The U.S. interstate highway system turned 50 yesterday. It’s arbitrary; but there’s no harm in a little reflection and an anniversary is as good a day as any. I’m tempted to consider what wondrous contortions this wrought on what is now the history of America’s sociology. I’m tempted to consider how the interstate brought the distant closer; how much more readily accessible to the heartland were the waters of the coasts; how the heartland was more readily accessible to folk in the Big City. Without the interstate highway system, maybe insanely large balls of twine would have gone unnoticed. The interstates may have been integral in the somewhat successful movements to guarantee civil rights to a variety of Americans. If not for the interstate highway system, too, it’s unlikely Mexican immigrants could have dispersed so widely and easily throughout the country—for good or bad is your call.

That’s my temptation, but I just don’t feel it. We might celebrate interstates by virtue of their being larger than our ability to fully grasp them. Some 46,000 miles of interstate pavement courses through the country. If I’ve done my math right, that’s about eleventy billion orange cones. That seems impressive; but beyond an initial romanticism, what do the interstates mean for their passengers and neighbors?

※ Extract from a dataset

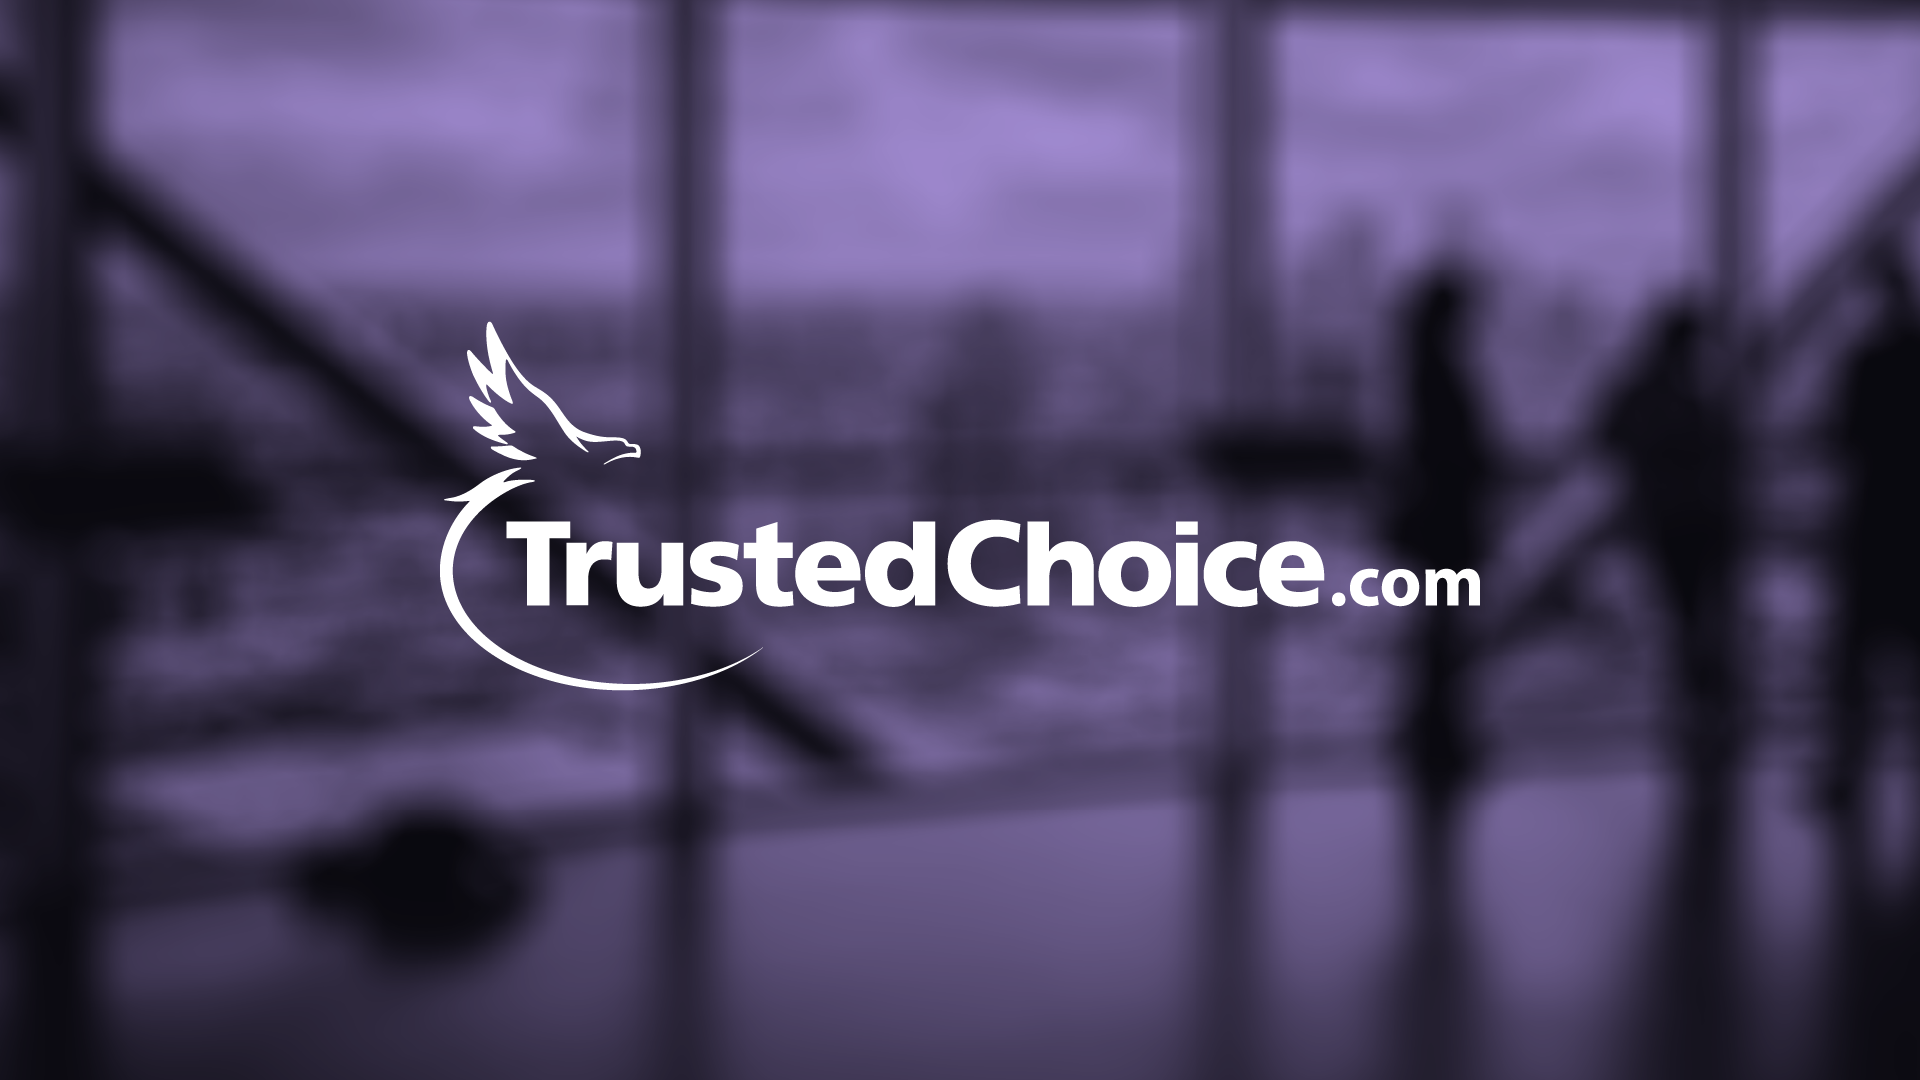 TrustedChoice.com

The sober view might be that interstates contribute more than any other engineering directive to the destruction of our natural resources. And before the interstates, Americans likely weren’t compelled to cram themselves into minivans and strike out on family vacations or college road trips or random excursions—excursions ostensibly from “reality”. Those Americans probably traveled to or across town if they traveled at all, but more often they stayed home. Those Americans were no strangers to the land around them, weren’t strapped into their ersatz chrysalises, waiting to be delivered from mediocrity by an epiphany found only some 1,000 miles from home—an epiphany, oddly enough, which likely never found the residents living those 1,000 miles away.


1 Comment

Brilliance.

The ironic search to find ourselves by travelling the length and breadth of the land, only to find, upon old age, that we had left ourselves on the kitchen counter with the sunglasses and the gift certificate for The Cracker Barrel.